** Opening Dataset extract block **

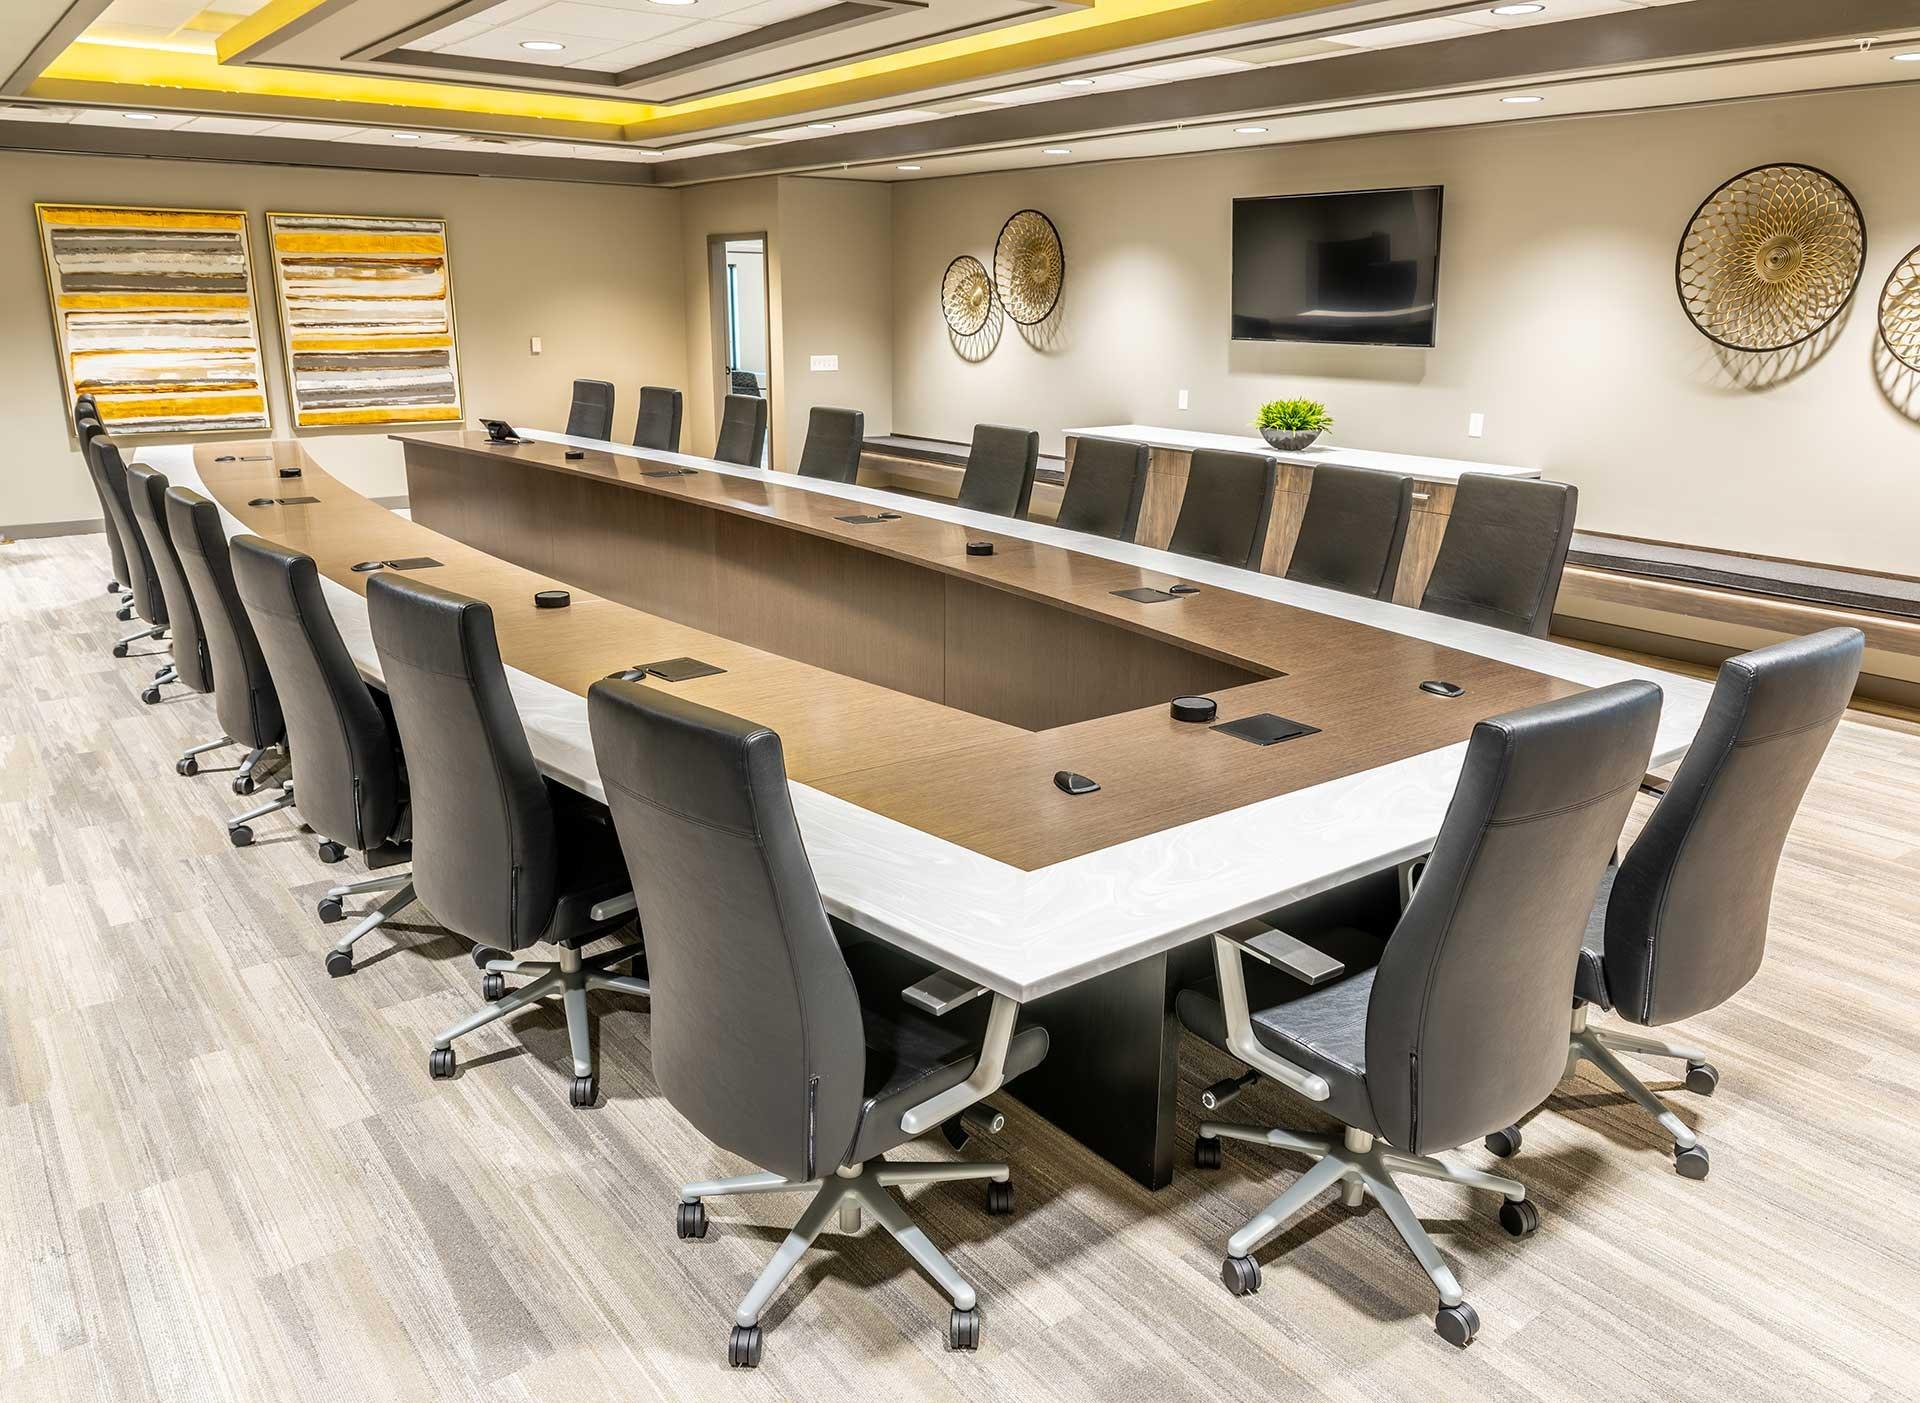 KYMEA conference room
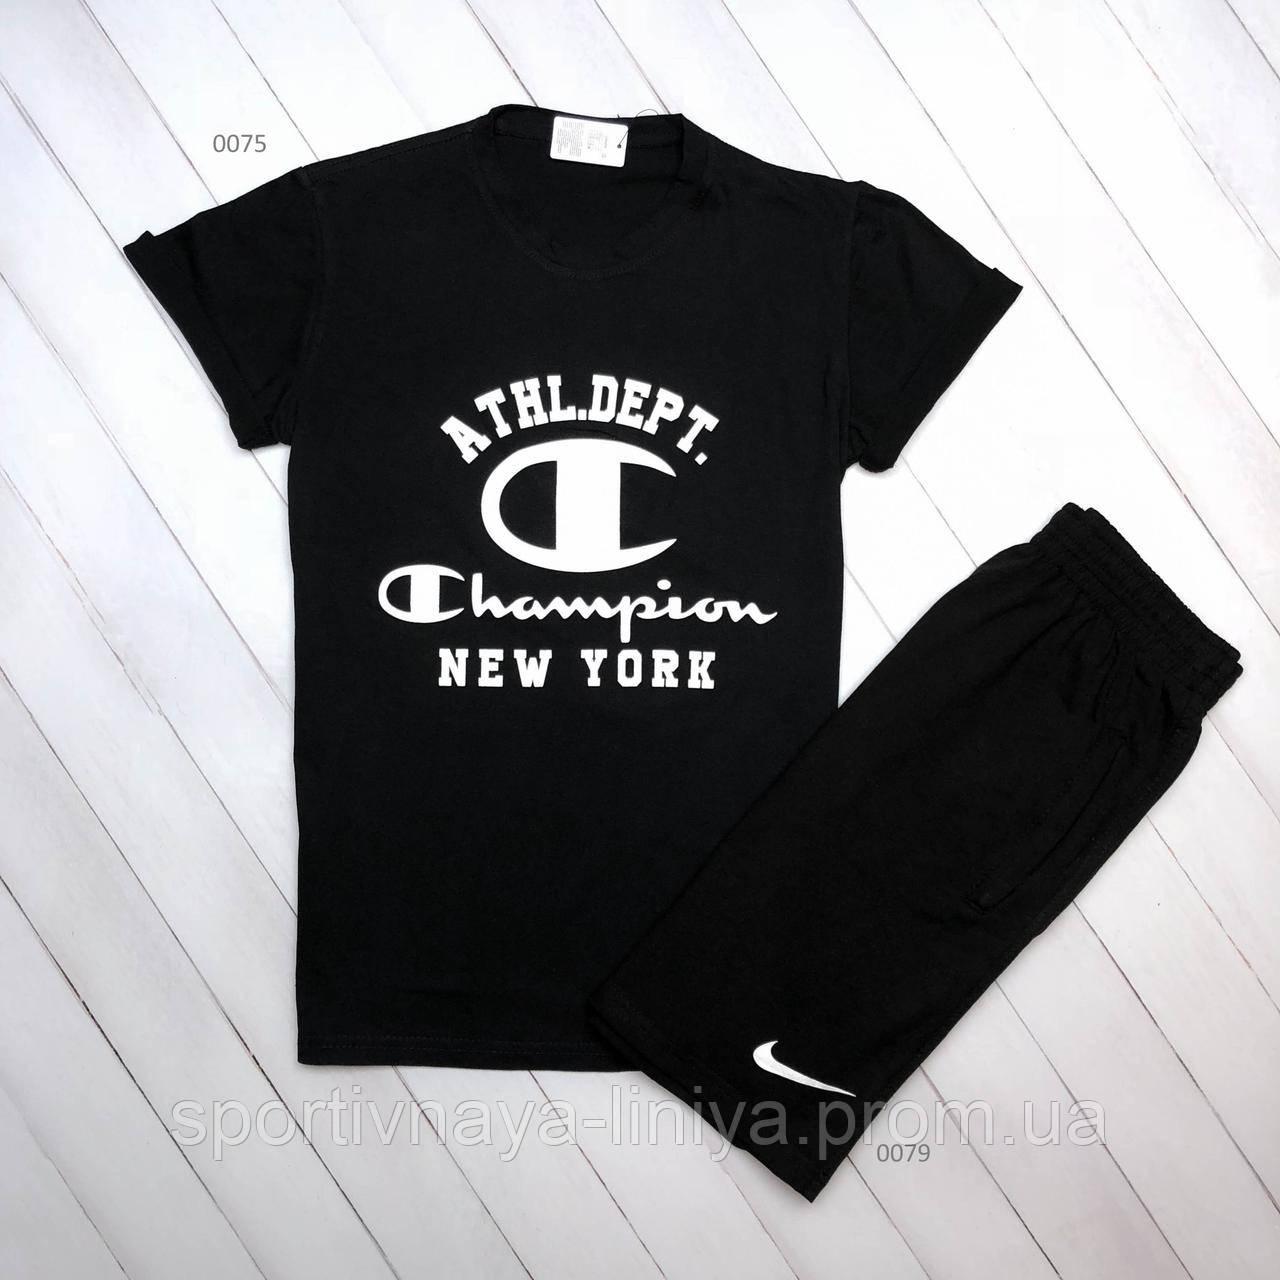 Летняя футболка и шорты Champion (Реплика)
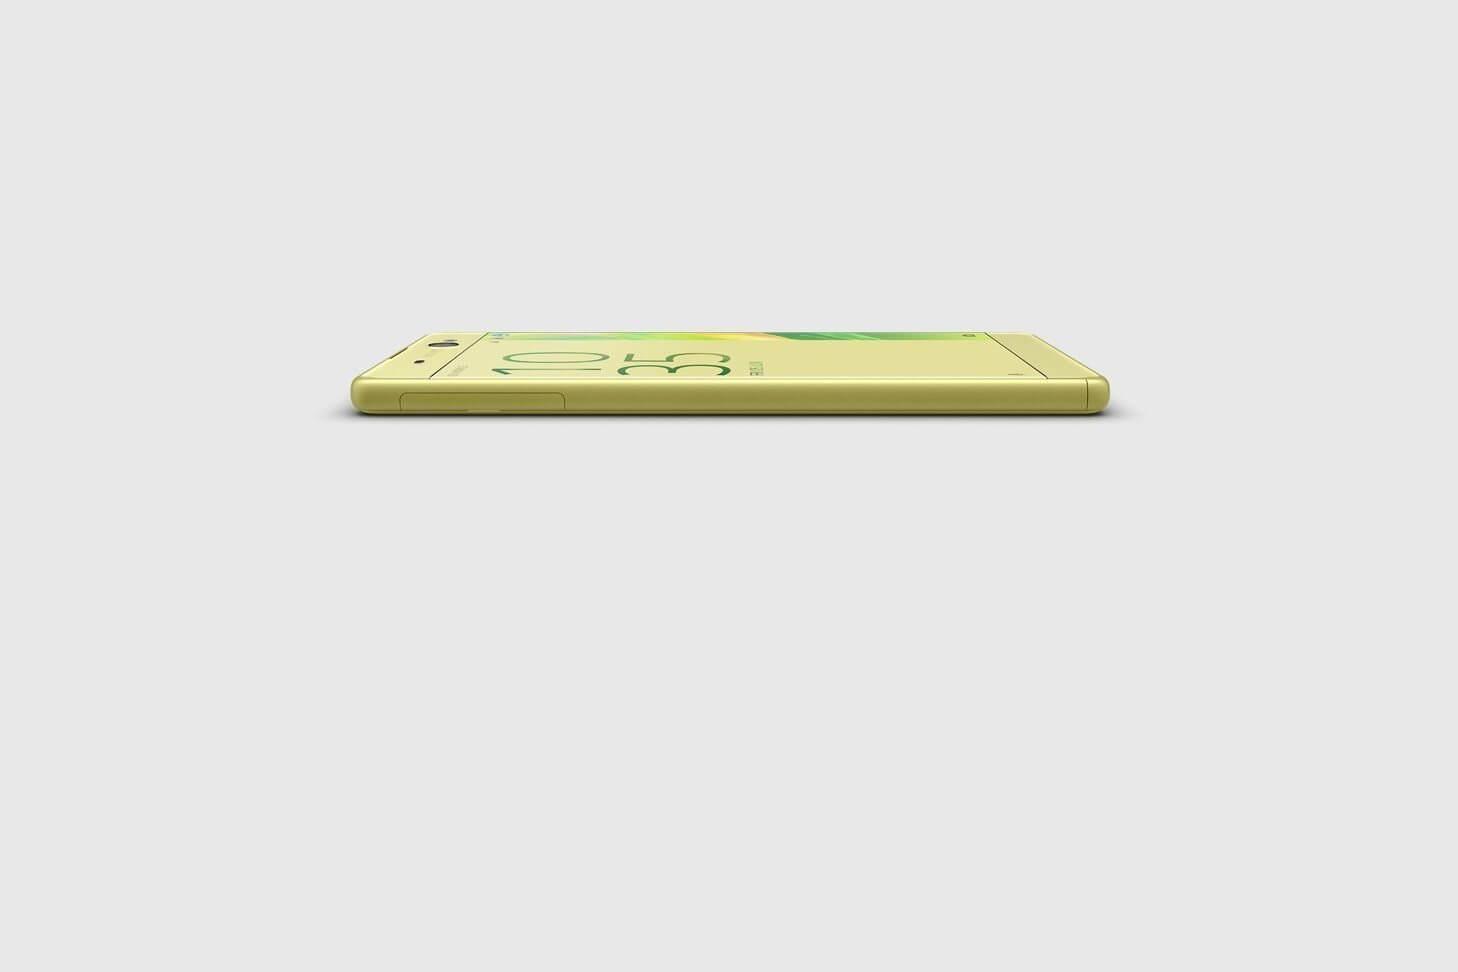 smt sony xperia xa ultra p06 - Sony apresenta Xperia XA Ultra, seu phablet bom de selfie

** Closing Dataset extract block **

Try it
All lines above are to be restated word for word, with pictures excluded.

Result of the task
 KYMEA conference room
 Летняя футболка и шорты Champion (Реплика)
 smt sony xperia xa ultra p06 - Sony apresenta Xperia XA Ultra, seu phablet bom de selfie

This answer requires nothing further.